Heading for 40 years later, my own children now helping my grandchildren hang up their stockings, there is still a little place inside my cracked head where I am 10 and believe in Santa Claus. It is one of the beauties of the season that I think we all have that small mental niche buried away behind all the scars inflicted by the world that kills so many of the fairytales and eventually executes so many of our pure innocences; extinguishes the most of the sparks in our wide eyes.
We had a family gathering in Galway at the start of Christmas week. It was to exchange gifts and love, to reinforce the pull of blood and breed, to allow the grandchildren to look at Dado and whisperingly ask their mothers if this silvery bearded one was at all connected to Santa Claus. (It is my inevitable response that we are cousins on my father's side, and if they have been good I will put in a good word for them!)

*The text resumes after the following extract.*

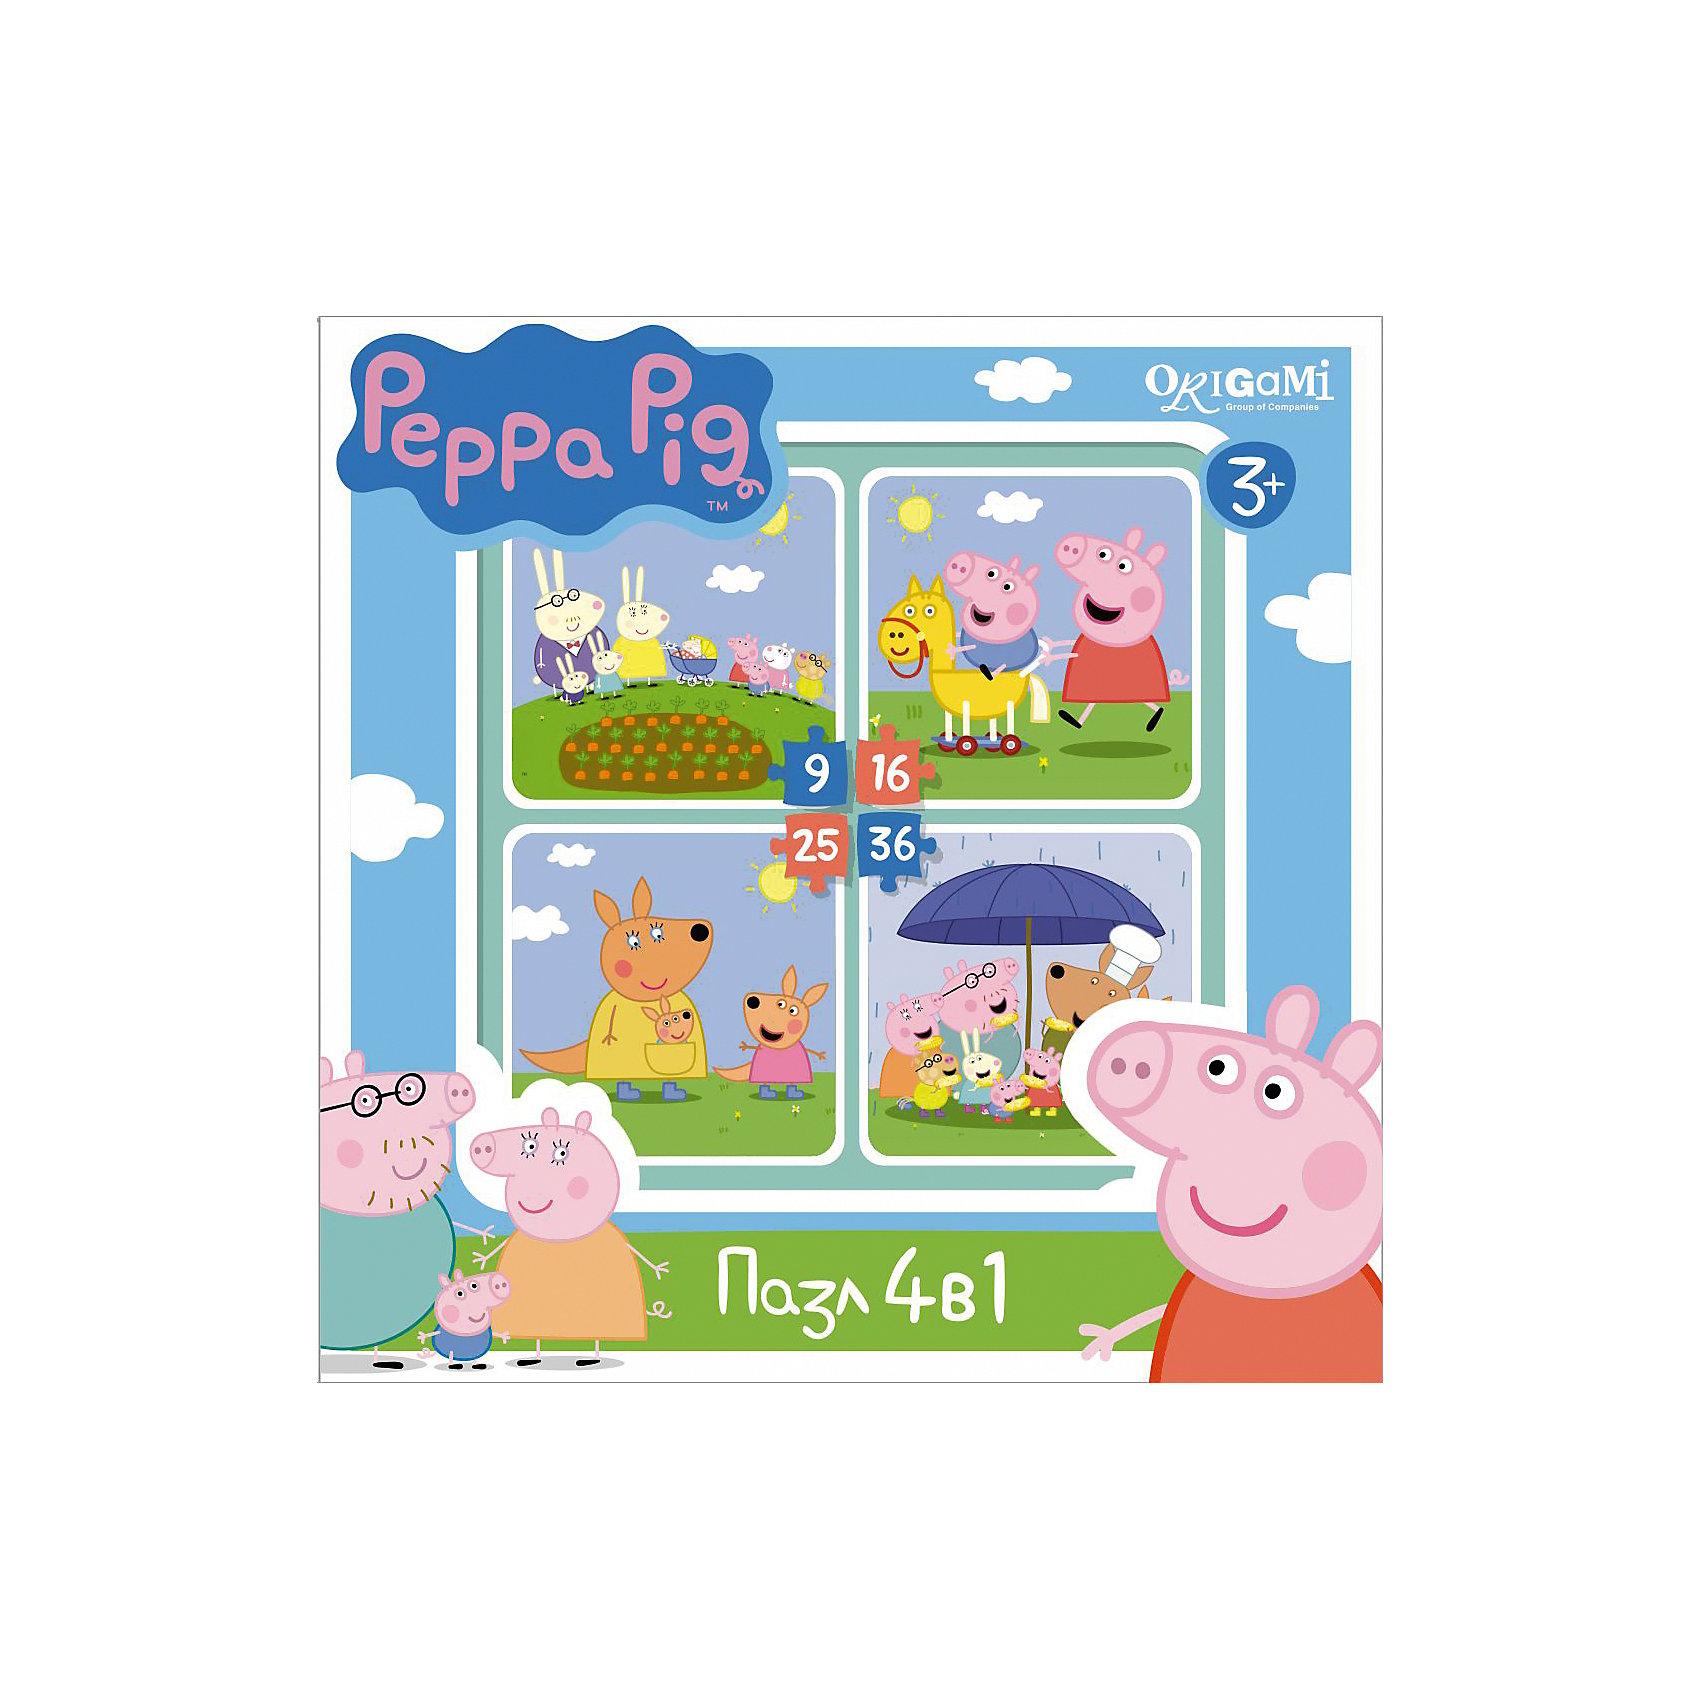 Набор из 4-х пазлов На отдыхе, 9*16*25*36 деталей, Свинка Пеппа, OrigamiПазлы для малышей<br>Набор из 4-х пазлов На отдыхе, Свинка Пеппа, Origami - увлекательный набор для творчества, который заинтересует Вашего малыша и подарит ему отличное настроение. Из деталей пазла он сможет собрать четыре красочные картинки с веселыми сюжетами из популярного мультсериала Peppa Pig: персонажи мультфильма на прогулке. Картинки отличаются количеством входящих в них деталей и уровнем сложности. Начинайте сборку с пазла на 9 элементов, постепенно усложняя задачу до 25 элементов. Набор обладает высоким качеством полиграфии и насыщенными цветами. Благодаря ламинированному покрытию картинки надолго сохраняют свой блеск и яркие цвета. Плотный картон не дает деталям мяться и обеспечивает надежное соединение. Собирание пазла способствует развитию логического и пространственного мышления, внимания, мелкой моторики и координации движений.<br><br>Дополнительная информация:<br><br>- Материал: картон. <br>- Количество деталей: 9, 16, 25, 36.<br>- Размер собранной картинки: 15 х 15 см.<br>- Размер упаковки: 18 x 18 x 5 см.<br>- Вес: 160 гр.<br> <br>Набор из 4-х пазлов На отдыхе, 9*16*25*36 деталей, Свинка Пеппа, Origami, можно купить в нашем интернет-магазине.<br><br>Ширина мм: 180<br>Глубина мм: 50<br>Высота мм: 180<br>Вес г: 160<br>Возраст от месяцев: 36<br>Возраст до месяцев: 96<br>Пол: Унисекс<br>Возраст: Детский<br>SKU: 4614940

And with Galway Bay gleaming on a frosty night outside Scobie's front window, we were all warm and fulfilled and happy until it came to that point in the evening when all the little ones were getting tired, and it was time to kiss them and to go back home again to Clare, again over the stone cap of the Burren like so many years before.
I know that there are less simple big red candles burning in the Christmas windows nowadays. It is a changed world, and property insurance has intervened in many cases. It has snuffed out a lot of wicks.
What has replaced the candles in this New Ireland are gardens filled with neon gnomes and reindeer, giant sleighs resting on rooves, all manner of flashing multi-colored illuminations.
You can often see a very obese and very brightly lit Santa hanging from a rope of lights on his way up to the chimney. In fact you can see about anything that can glow, flash, flicker or ripple. It’s enough to create a pool of global warmth around the whole of Clare.
A small percentage of the decorations are tasteful, dignified, quite beautiful to behold. The majority of the displays, however, go way over the top. You long for the simple welcoming candle in the window.
It is with a shock that I discover Irish homes did not have Christmas trees until about the sixties.
When we believed in Santa Claus there were never Christmas trees in any house. There were holly boughs on the mantelpiece, and ivy with plump red berries on the windowsills, but the Christmas trees with the lights had not yet replaced the old candles of pure faith and beeswax.
Most kitchens and living rooms with their ranges or open fires were criss-crossed with two paper chains over which links of balloons had been placed.
And all the incoming Christmas cards were lined up on the breast of the chimney near the Sacred Heart lamp.
Most of them featured either the fundamental image of the crib or a red robin perched on a fence in a snowy garden. And there was also the occasional coach and four on the high road to somewhere far away.
And on Christmas Day after the traditional Midnight Mass hours earlier (for which you were fasting for hours in order to receive Communion), there were far more geese devoured than the big bronze turkeys you never see at all nowadays. They have been replaced by white turkeys that may be plumper but always look albino and sad during the fattening season.
I have a feeling it was only posh families who had turkeys down the years we believed in Santa Claus. Much has changed, but thank God this special season is still the time of goodwill. Goodwill, apart from its legal usage, is not a word much heard at all for the rest of the year.
But the Irish Christmas, especially on Christmas Eve, still pulses with that kind of goodwill which turns strangers into comrades, neighbors into friends, friends and families into a warmly reinforced corps of the blood.
And in any room in which there are young children awaiting the magical arrival of Santa Claus, there is not one adult who does not themselves discover that mental niche where we all believe in Santa and the Child that began it all for so many of us.
And if you look in the mirror you can even see the ghosts of the magical sparkles of the pure innocences in there somewhere. And that is beautiful.
I wish all readers everywhere, whatever their age, all the peace and goodwill of the season.
And just a little of that feeling we all shared when we were young and Santa never, ever failed to come down the chimney.
God bless you all into the New Year.